* What this task involves *
With any pictures left out, restate word for word the lines in the listing below from the one holding "Newsletter theme design" through the last.

* Collected material *
+--
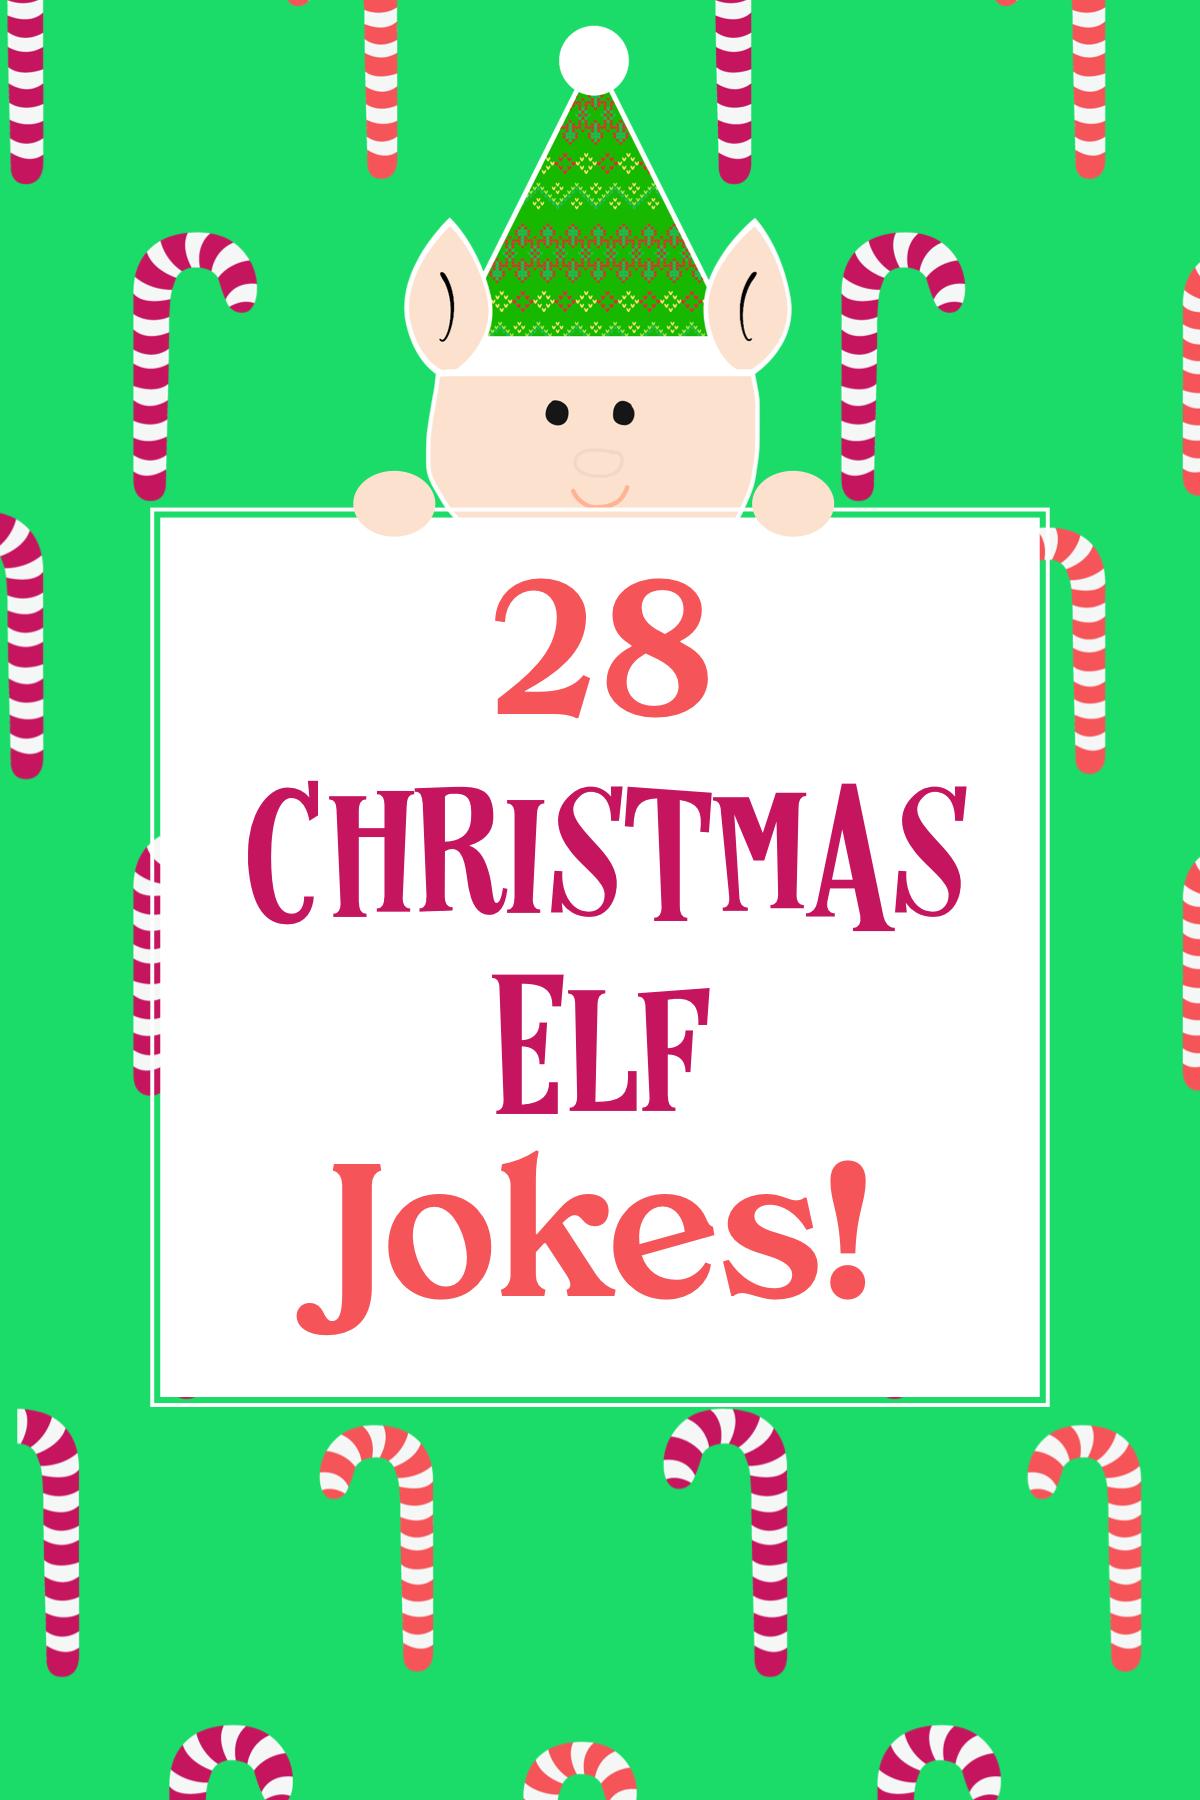 Christmas Elf Jokes Christmas jokes
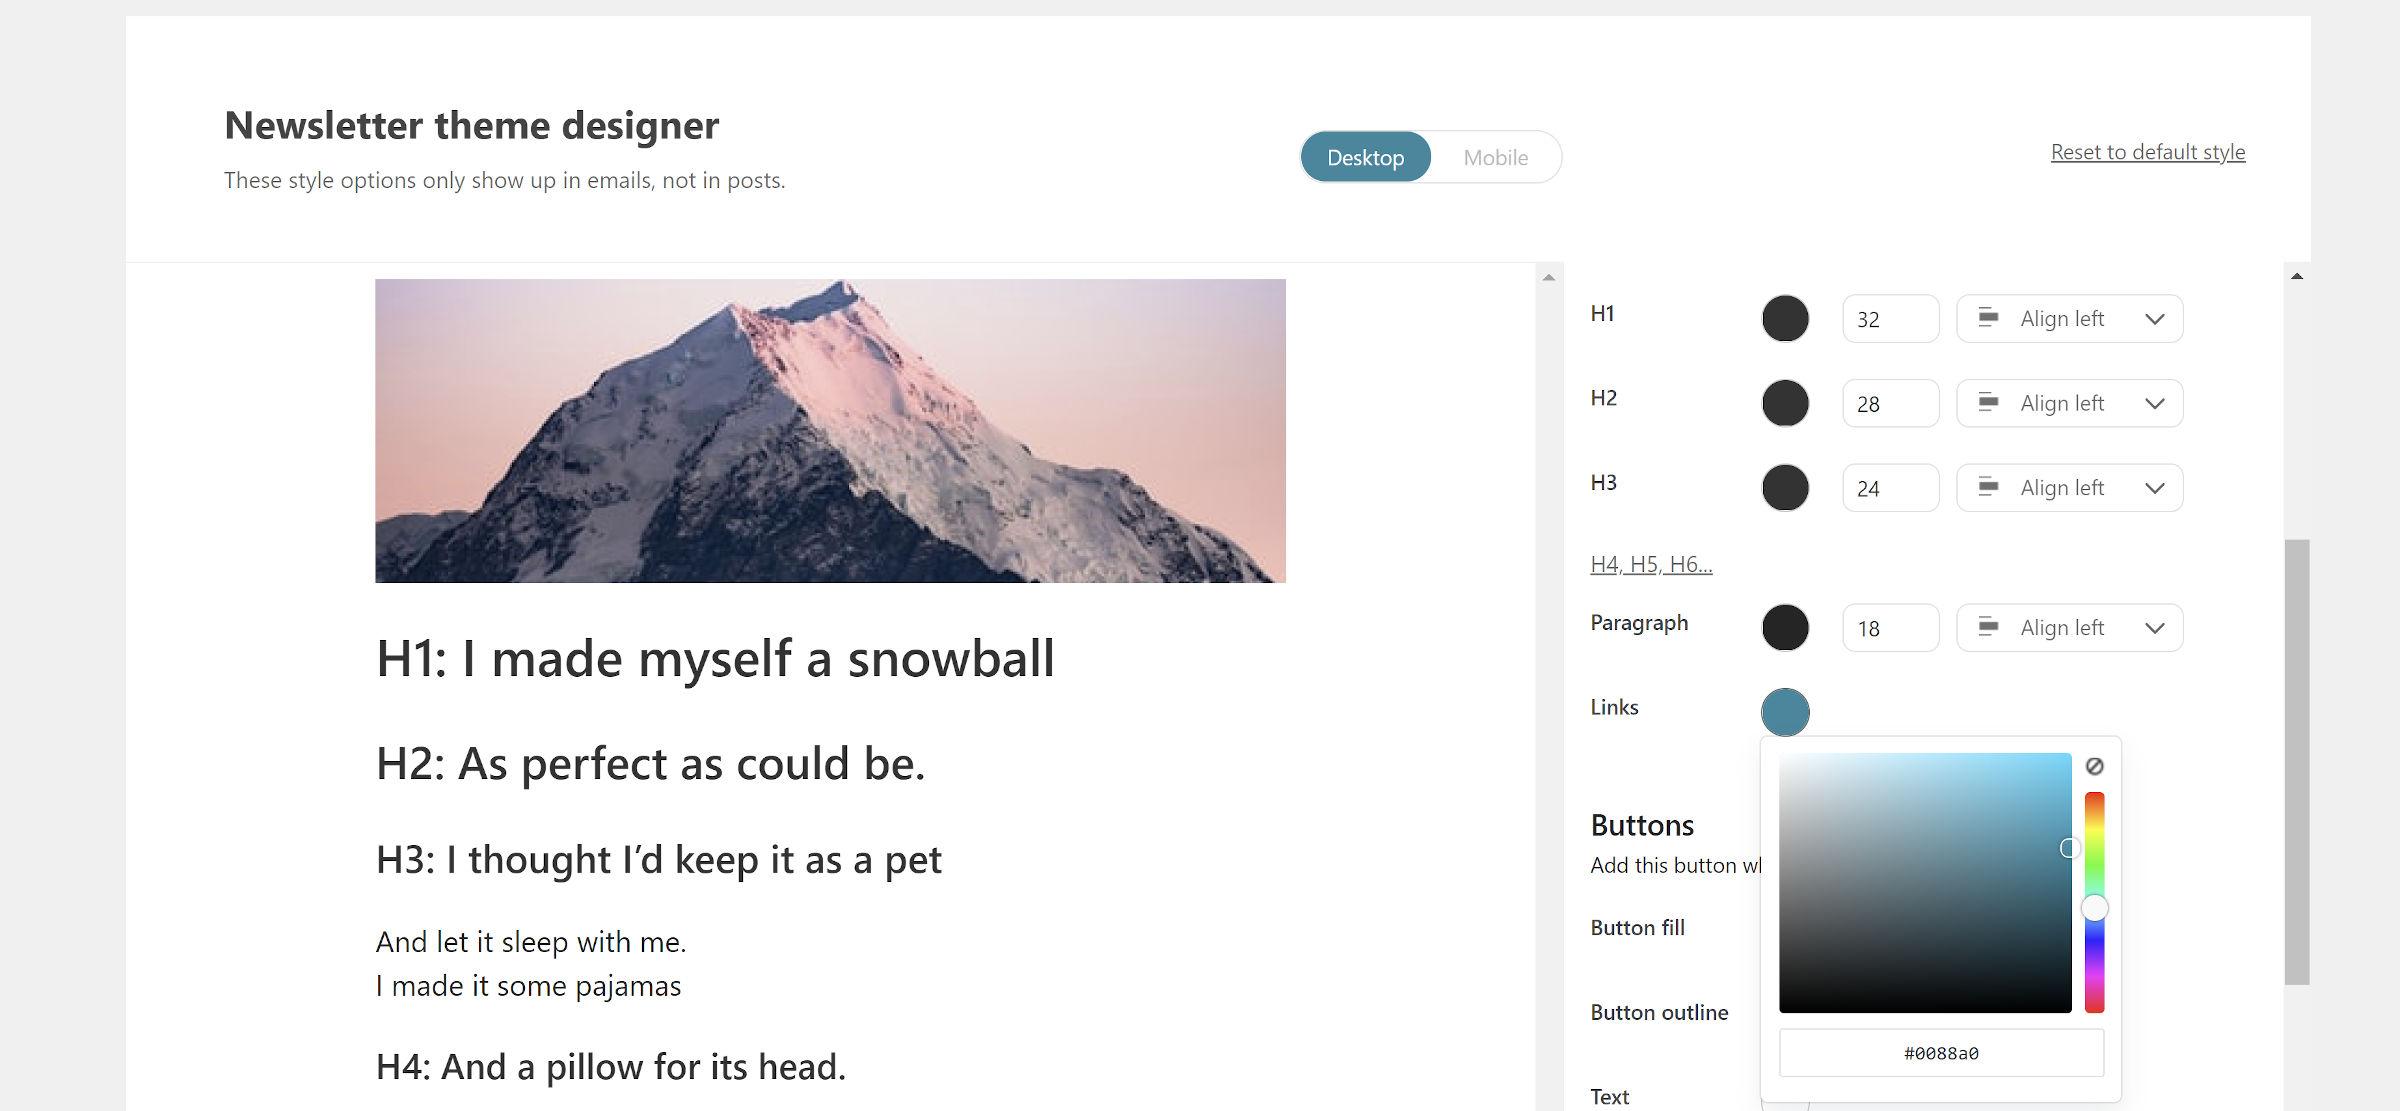 Newsletter theme design screen from the Newsletter Glue plugin.
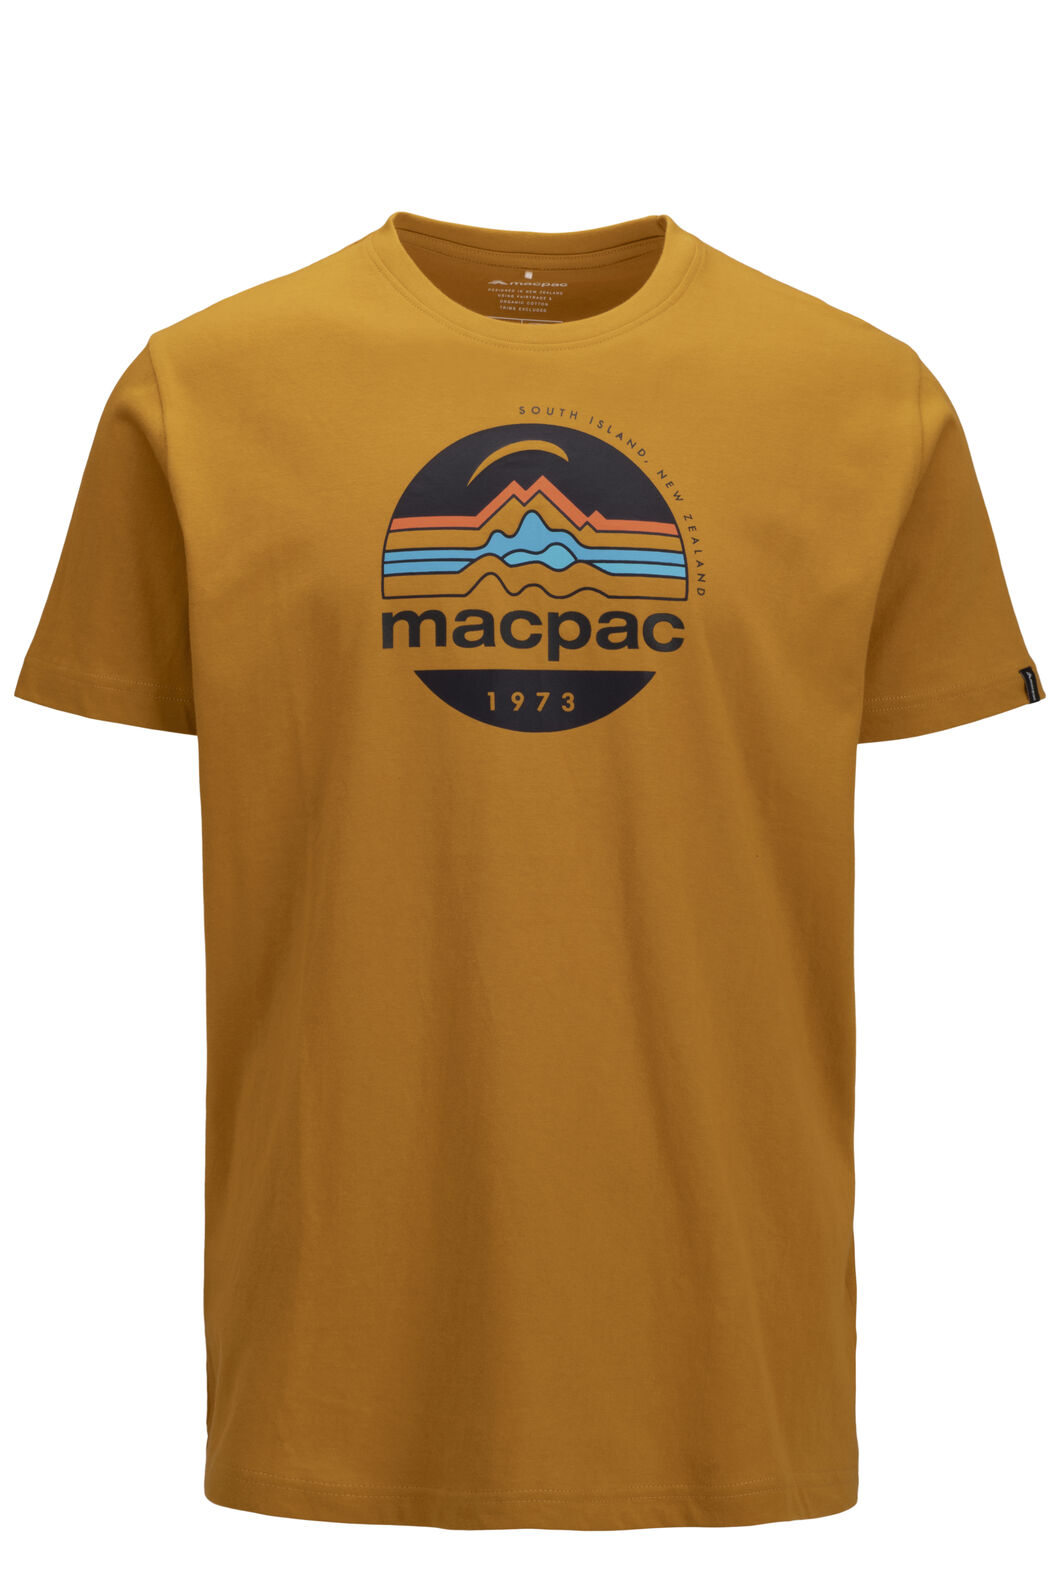 Macpac Men's Retro Short Sleeve Tee, Arrowwood, hi-res
+--
* Reply to the task *
 Newsletter theme design screen from the Newsletter Glue plugin.
 Macpac Men's Retro Short Sleeve Tee, Arrowwood, hi-res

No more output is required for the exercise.